Activity: Word for word, write the lines below out again, with no pictures.

Data:
········

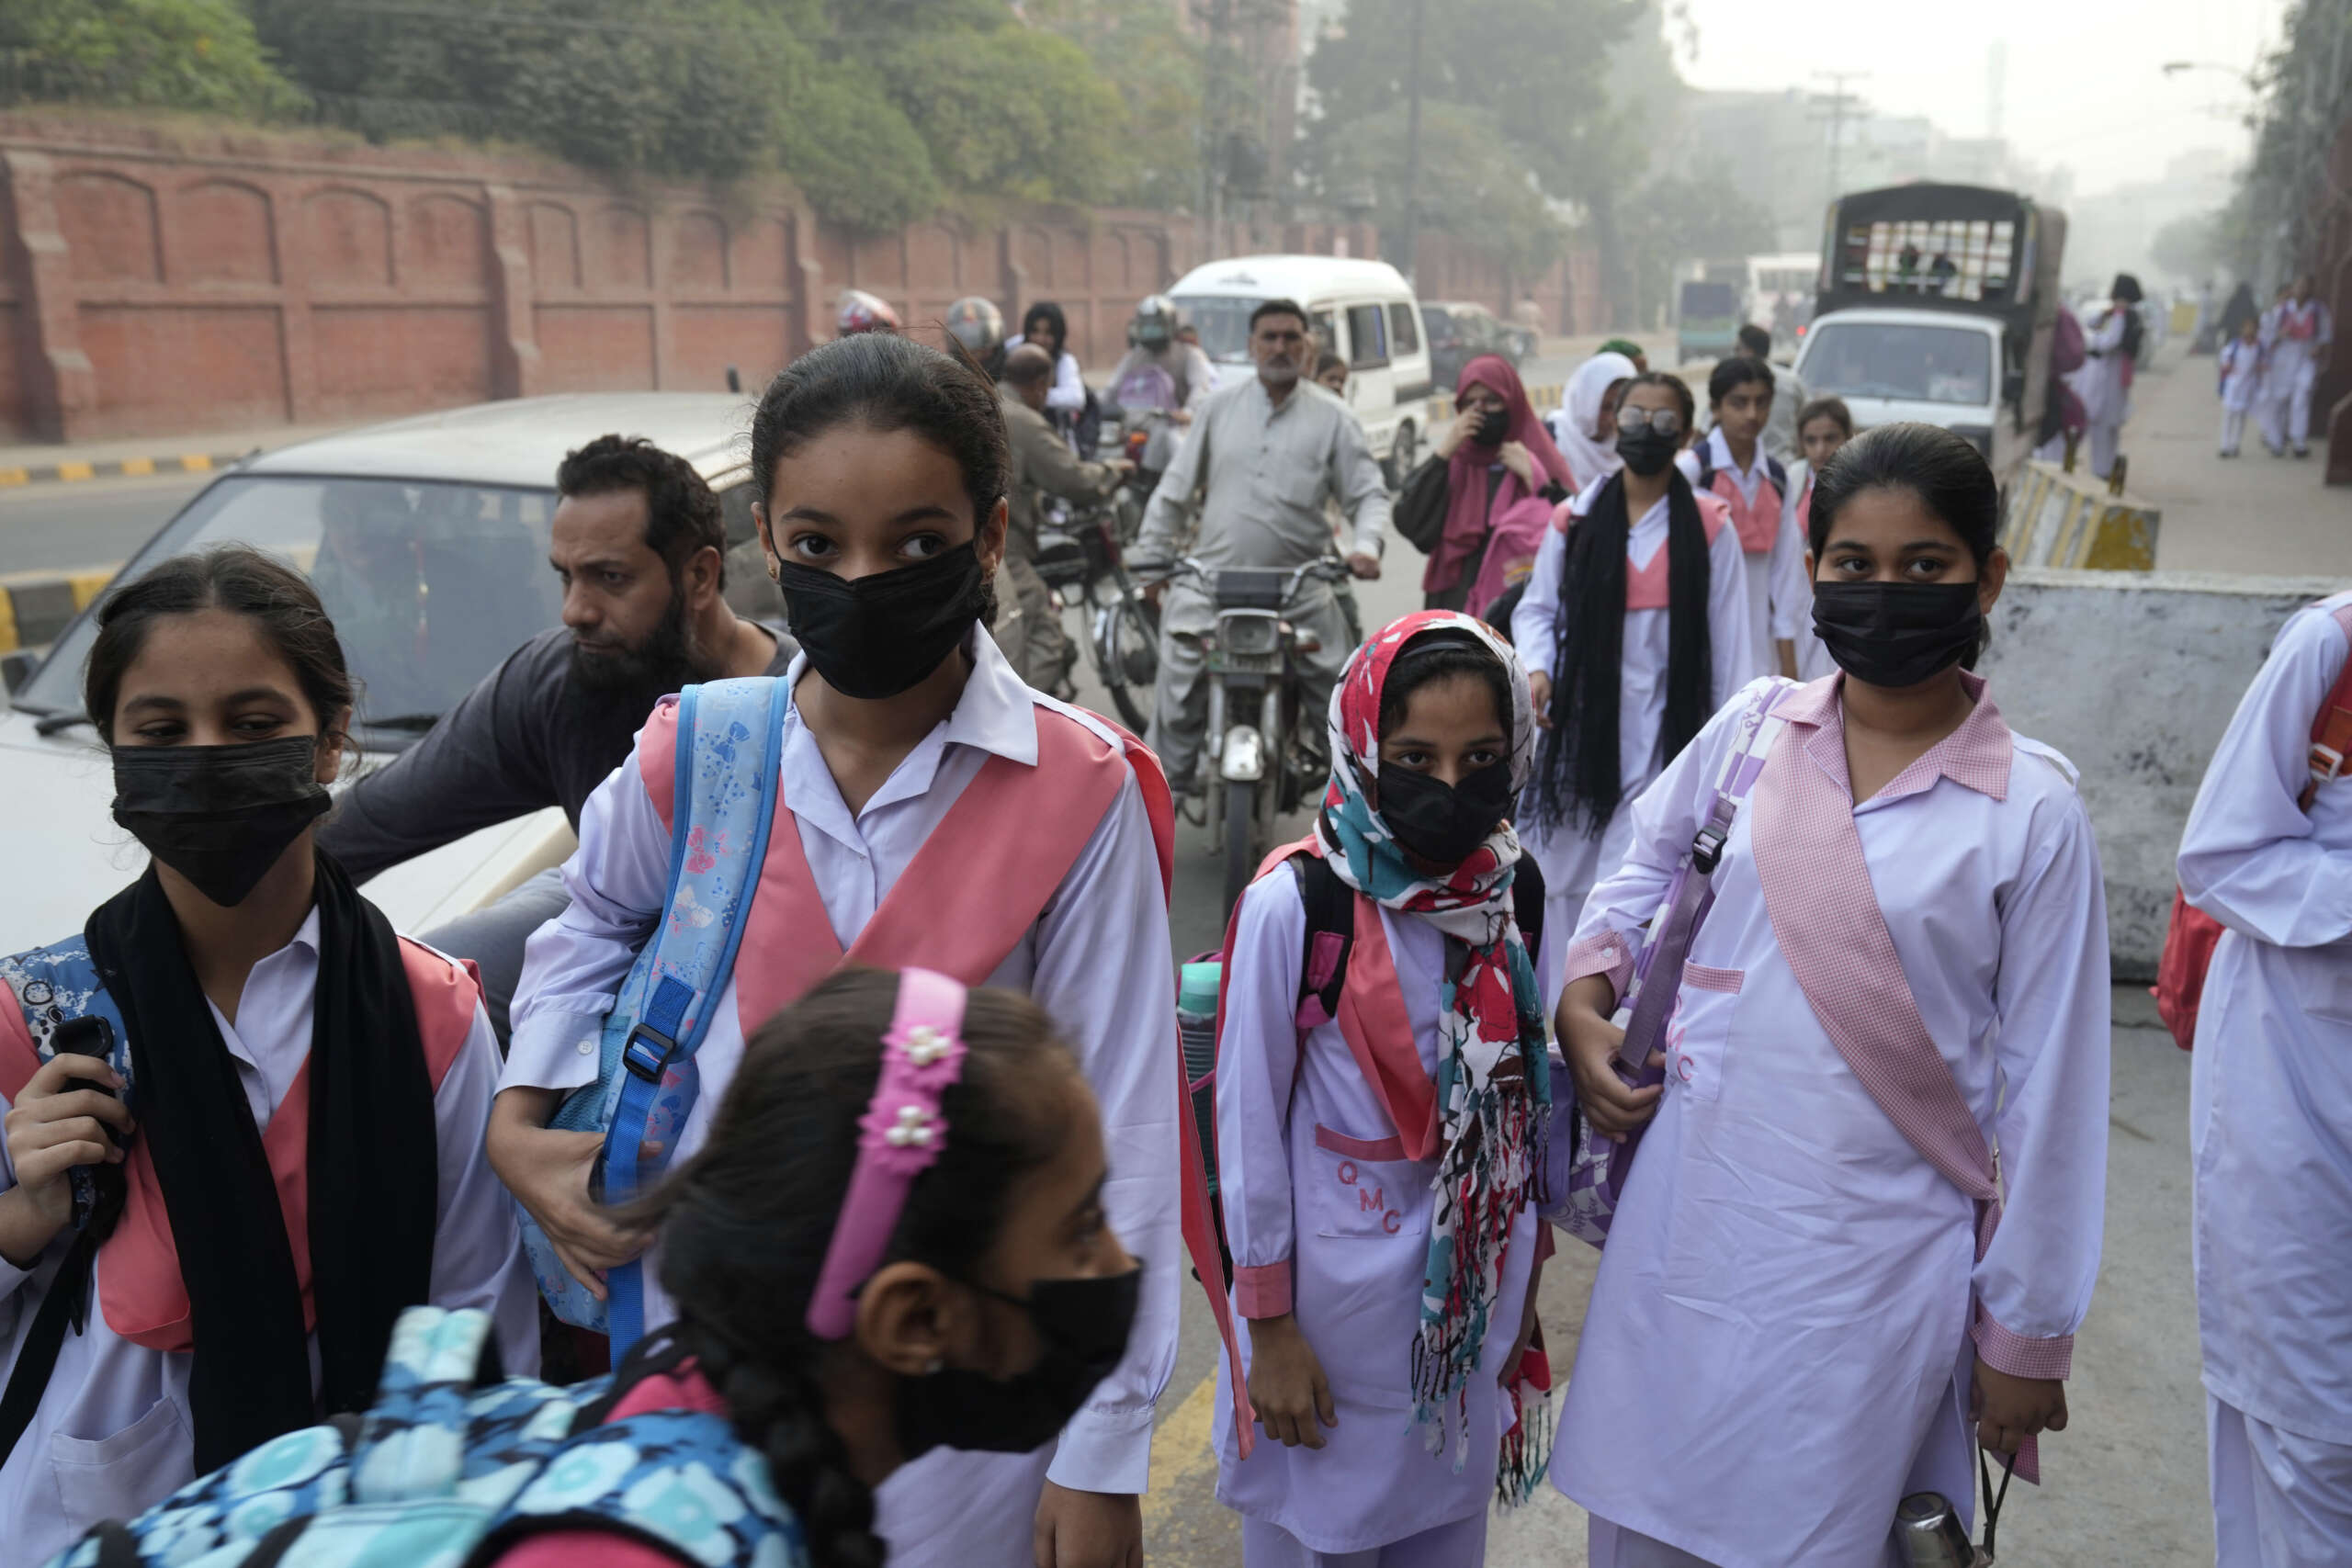 In Lahore, it’s that toxic, smoggy time of year again
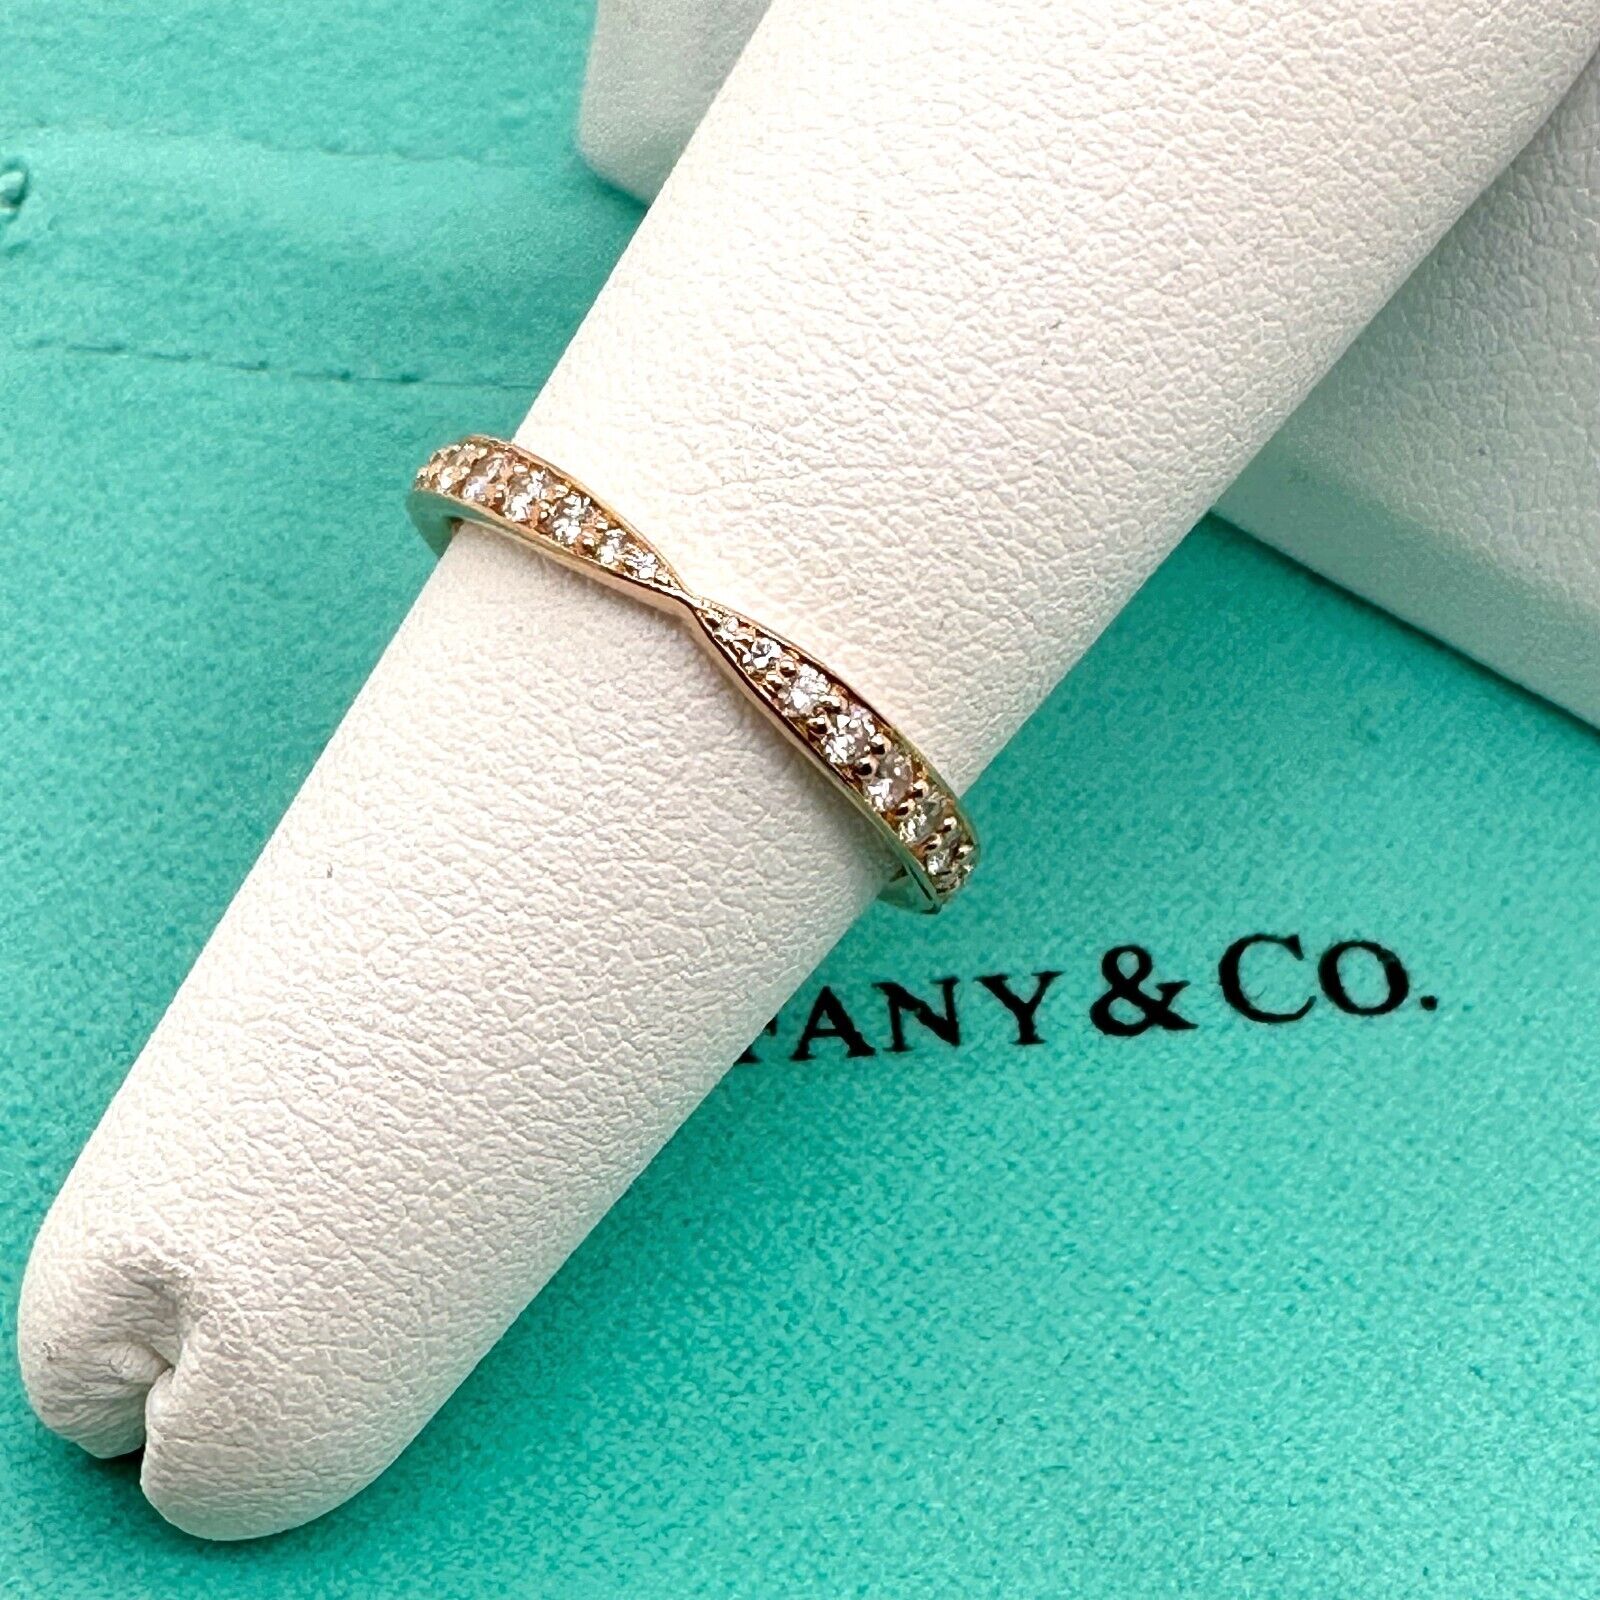 tiffany and co products
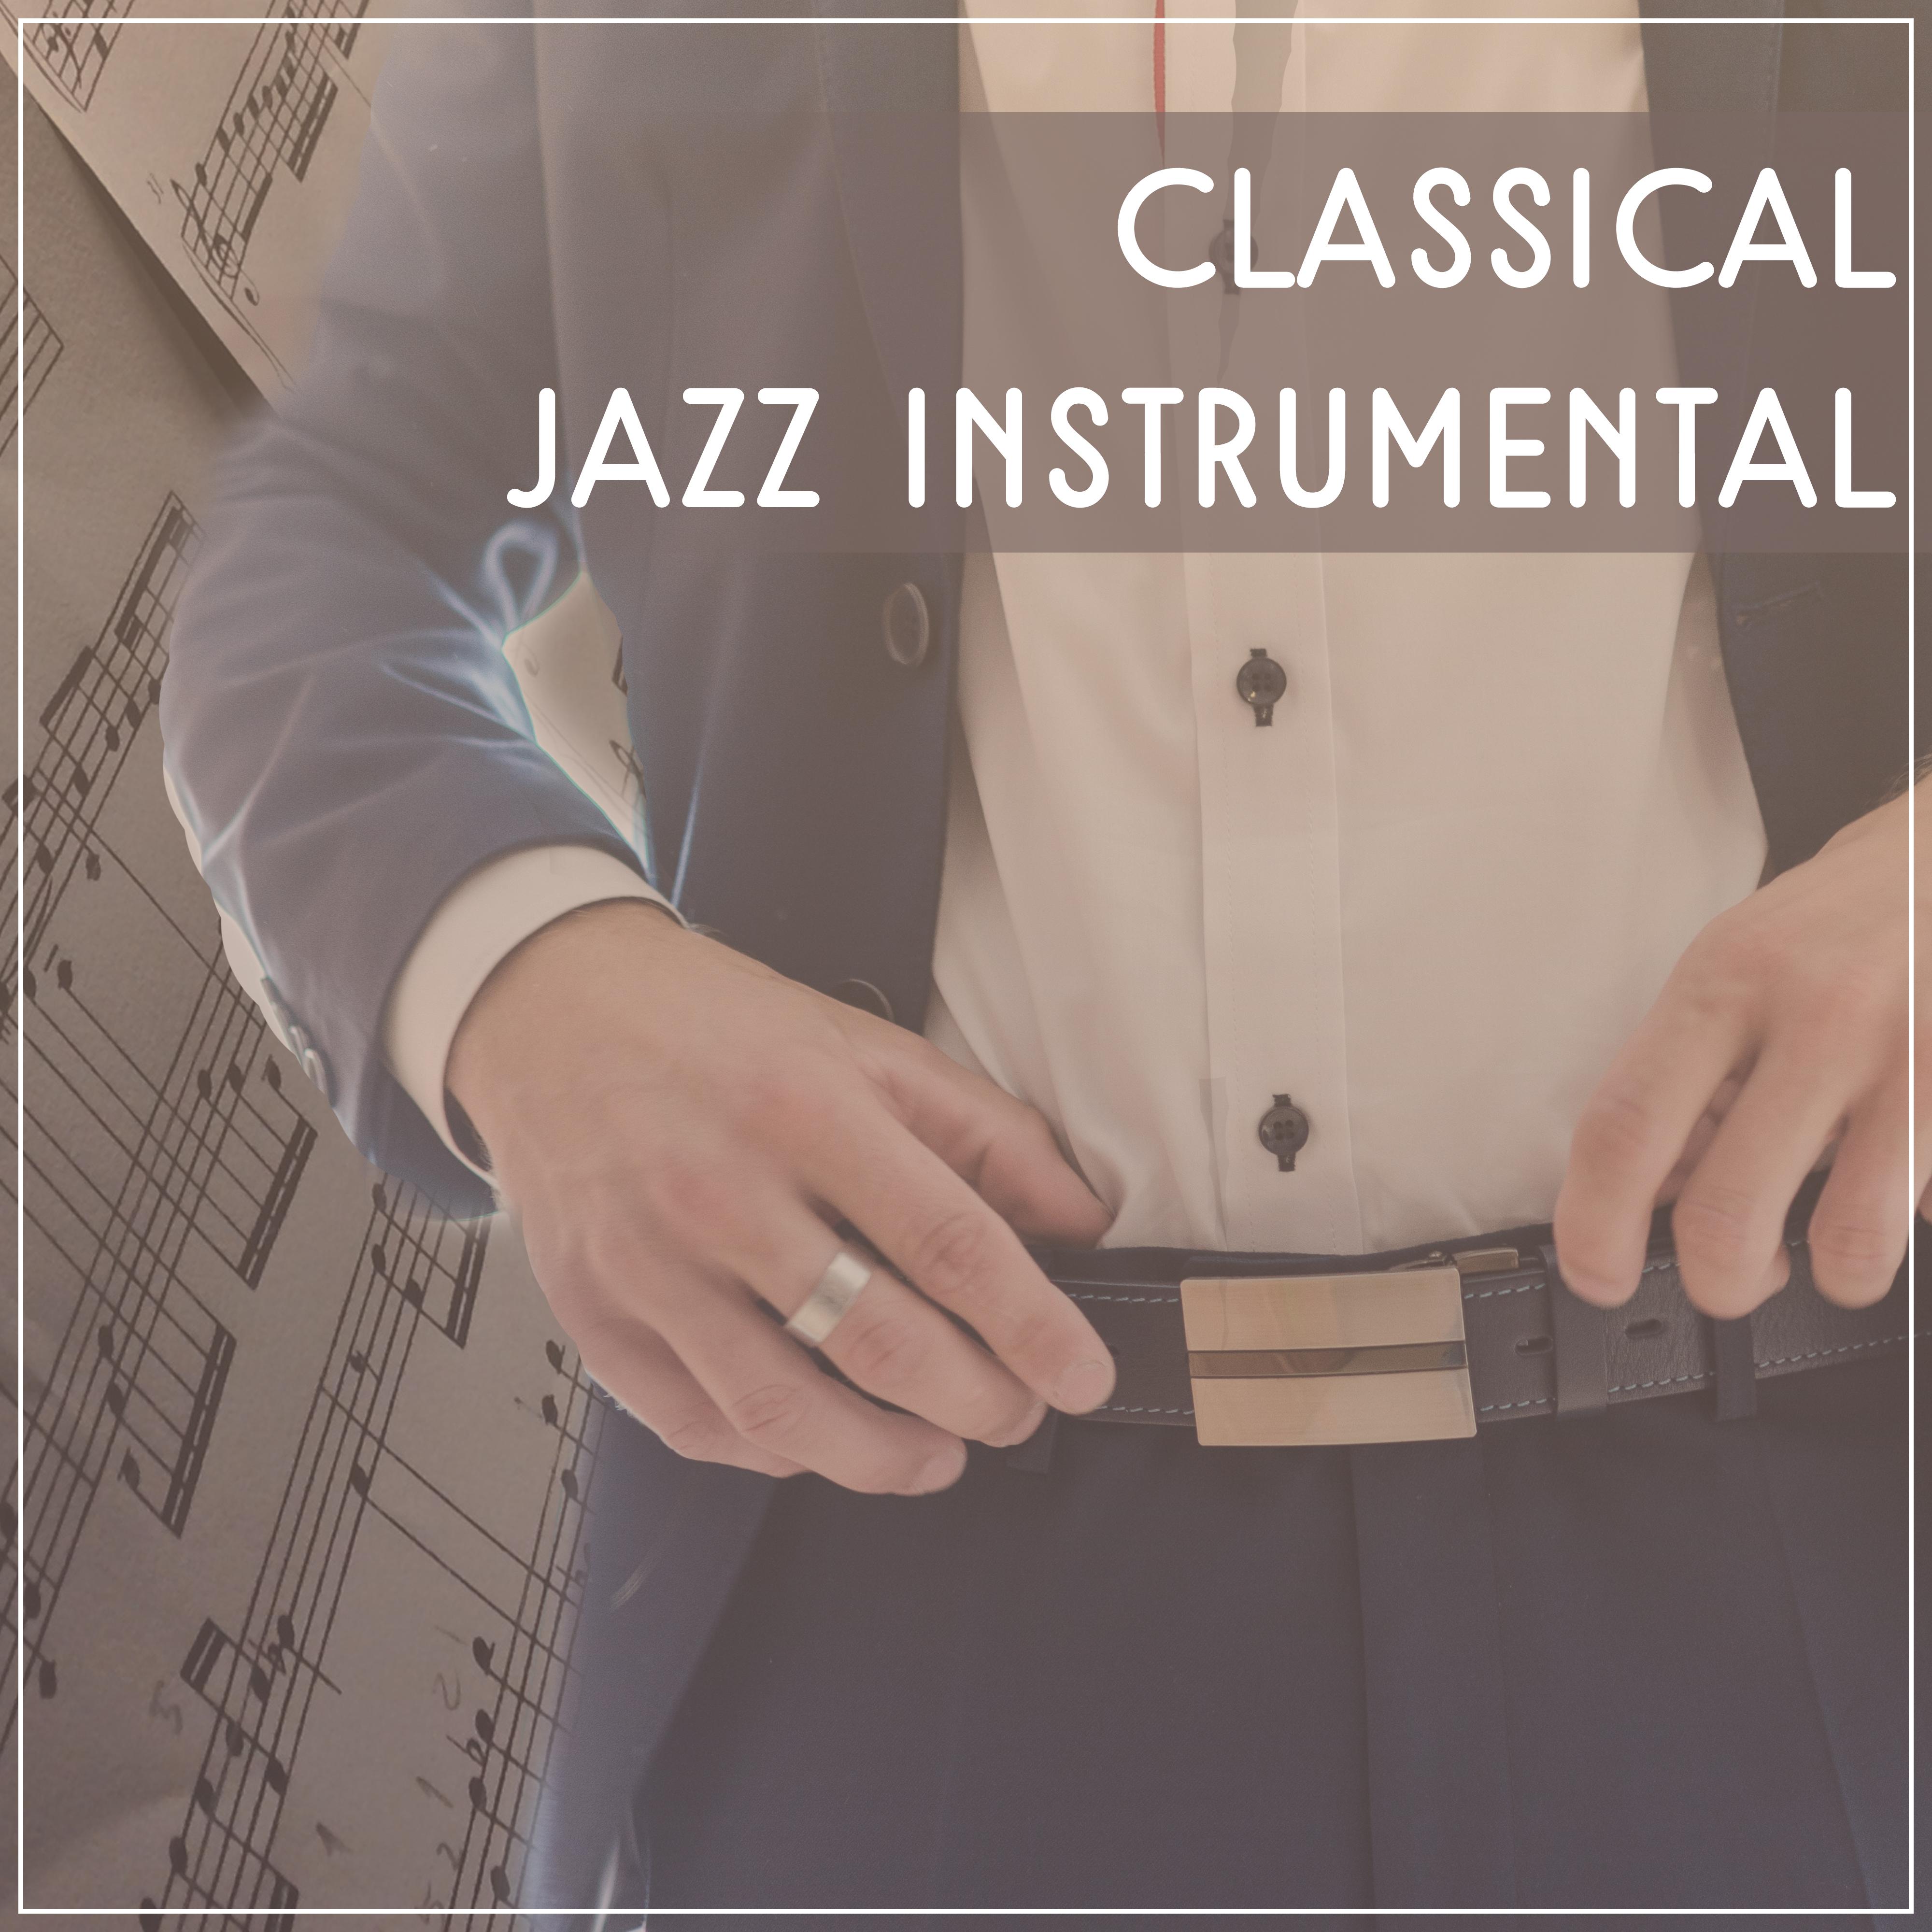 Classical Jazz Instrumental  Ambient Smooth Jazz, Piano Bar, Jazz Lounge, Relaxed Piano

········

Response to this exercise:
 In Lahore, it’s that toxic, smoggy time of year again
 tiffany and co products
 Classical Jazz Instrumental  Ambient Smooth Jazz, Piano Bar, Jazz Lounge, Relaxed Piano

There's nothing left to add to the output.